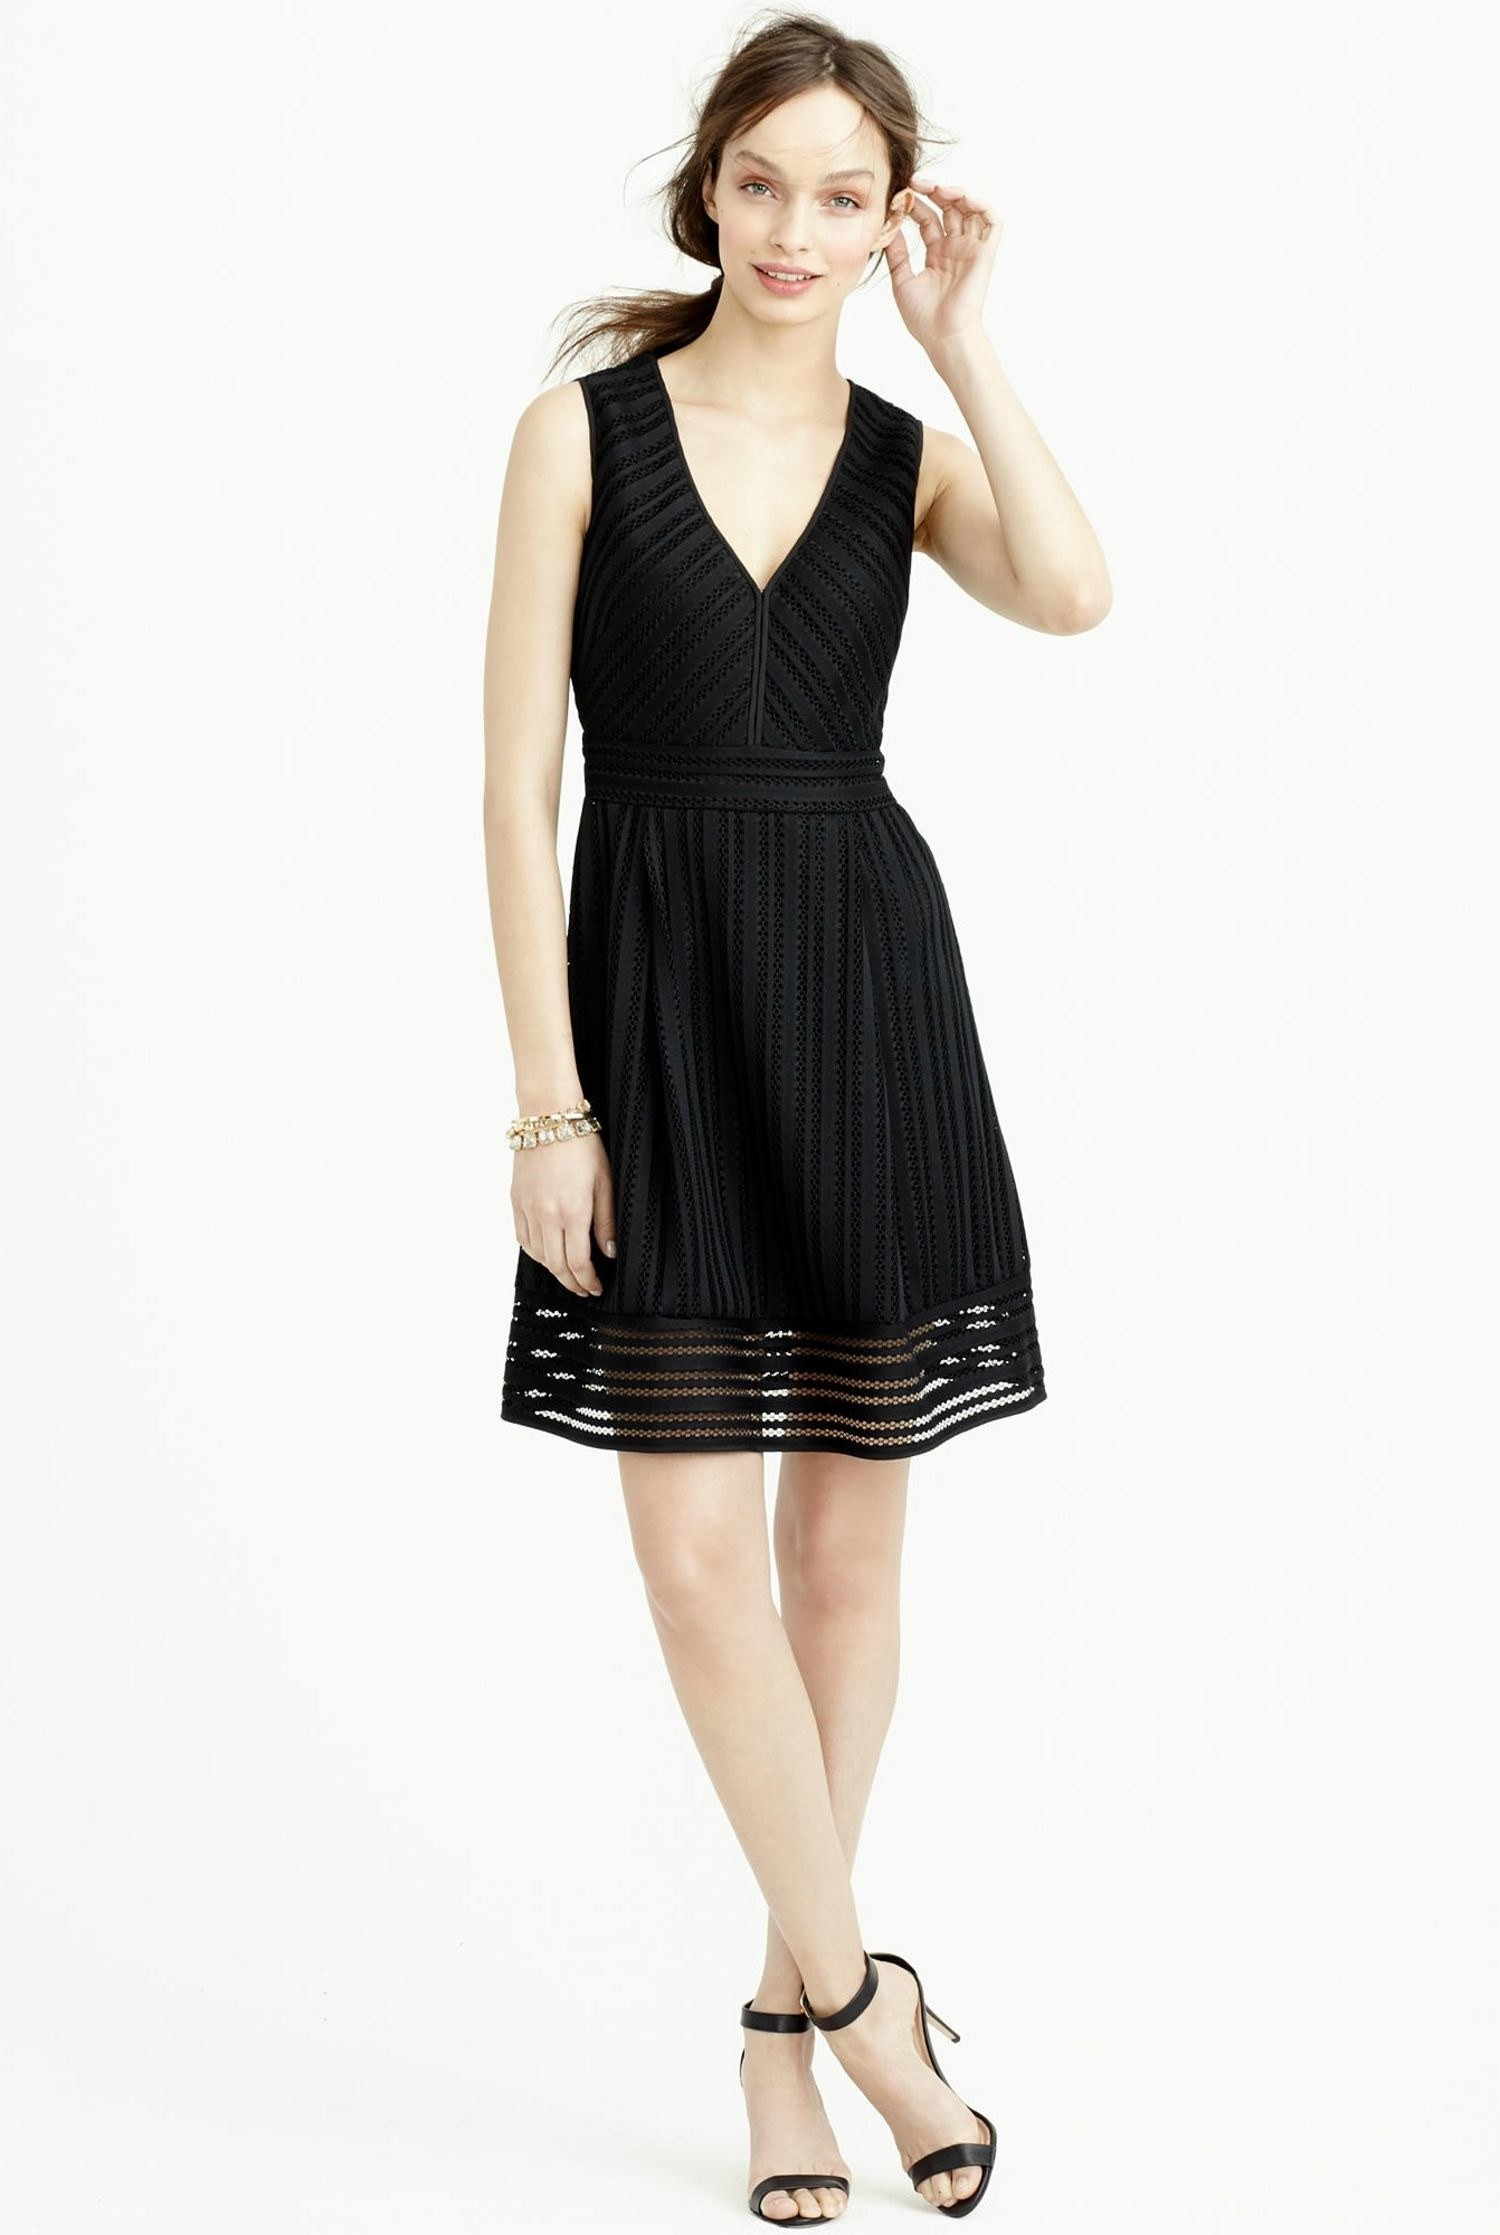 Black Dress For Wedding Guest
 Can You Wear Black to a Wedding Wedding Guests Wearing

^^^^

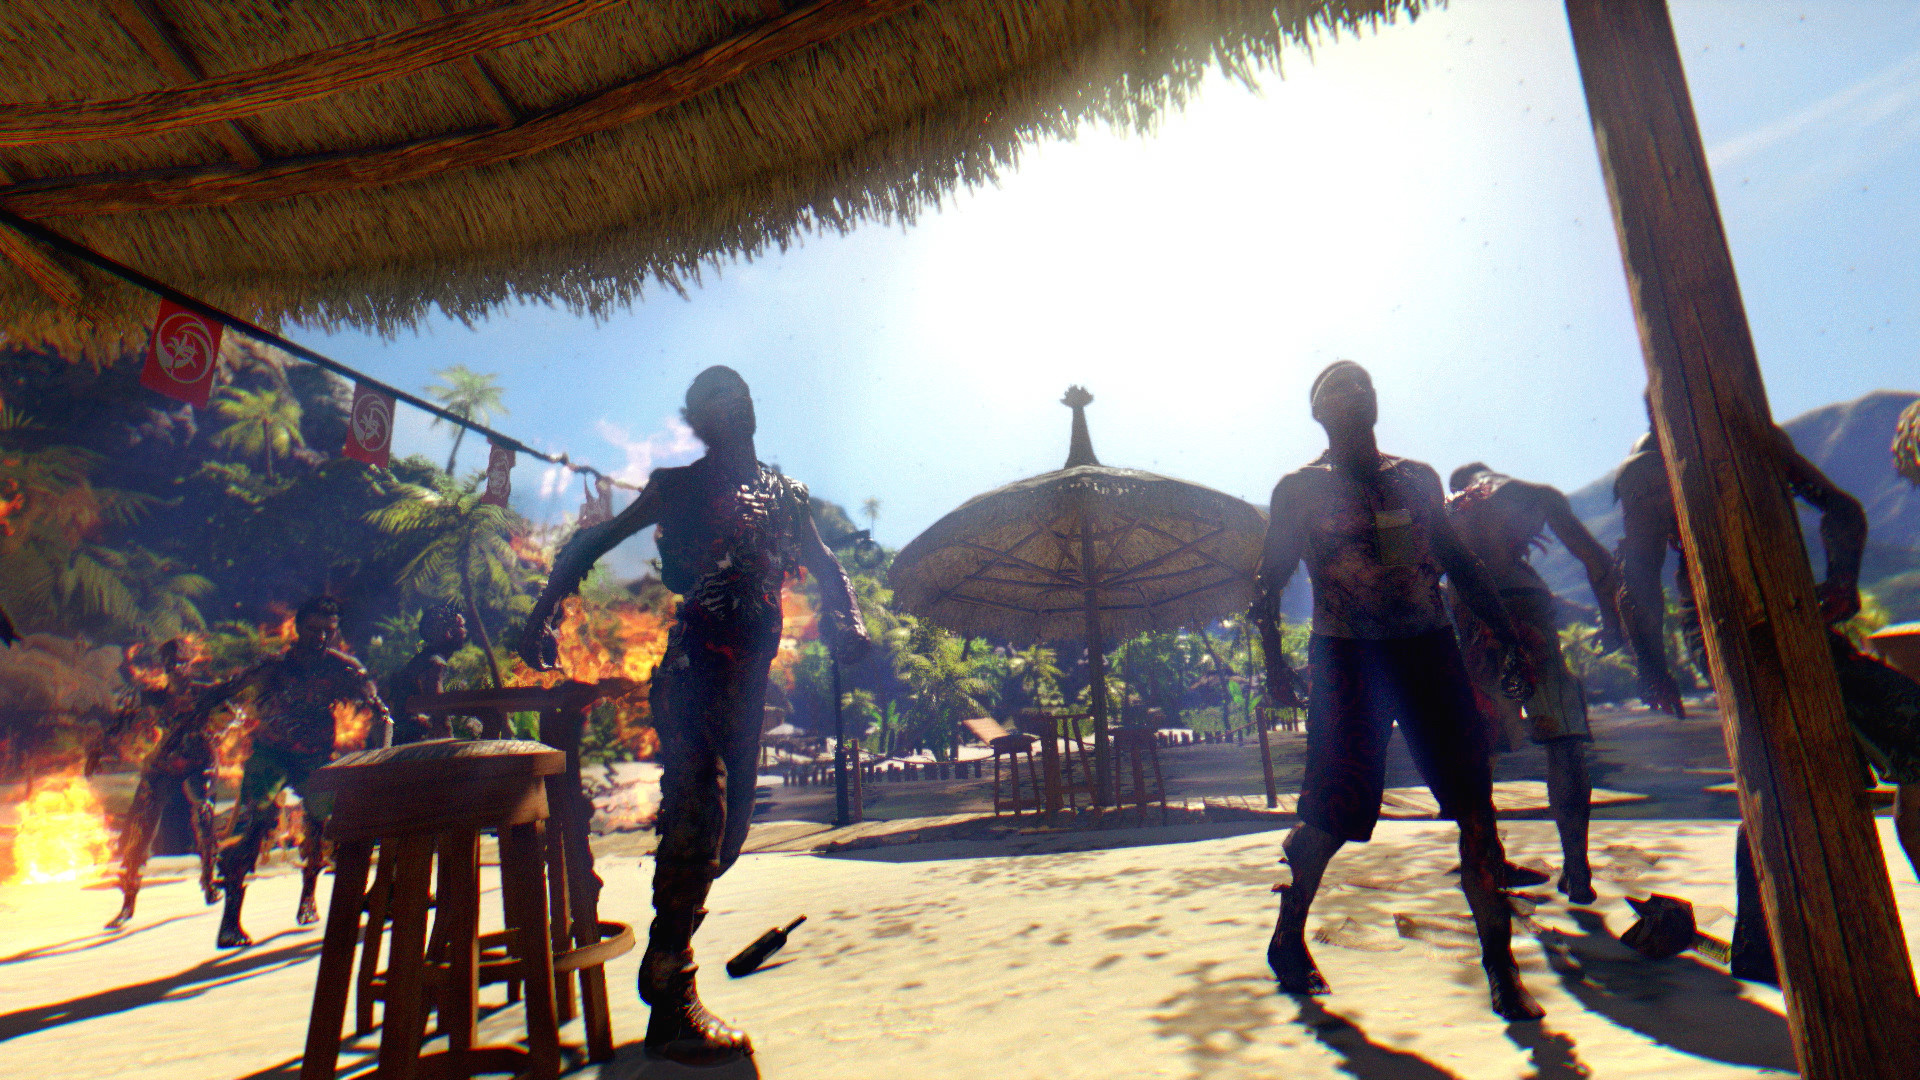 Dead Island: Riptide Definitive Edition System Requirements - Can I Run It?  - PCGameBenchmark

^^^^

== EXERCISE INSTRUCTIONS ==
Look above for the line containing "Black Dress For Wedding Guest", then copy exactly from it through the line containing "Can You Wear", keeping both and leaving out pictures. Add nothing else.

== SOLUTION ==
 Black Dress For Wedding Guest
 Can You Wear Black to a Wedding Wedding Guests Wearing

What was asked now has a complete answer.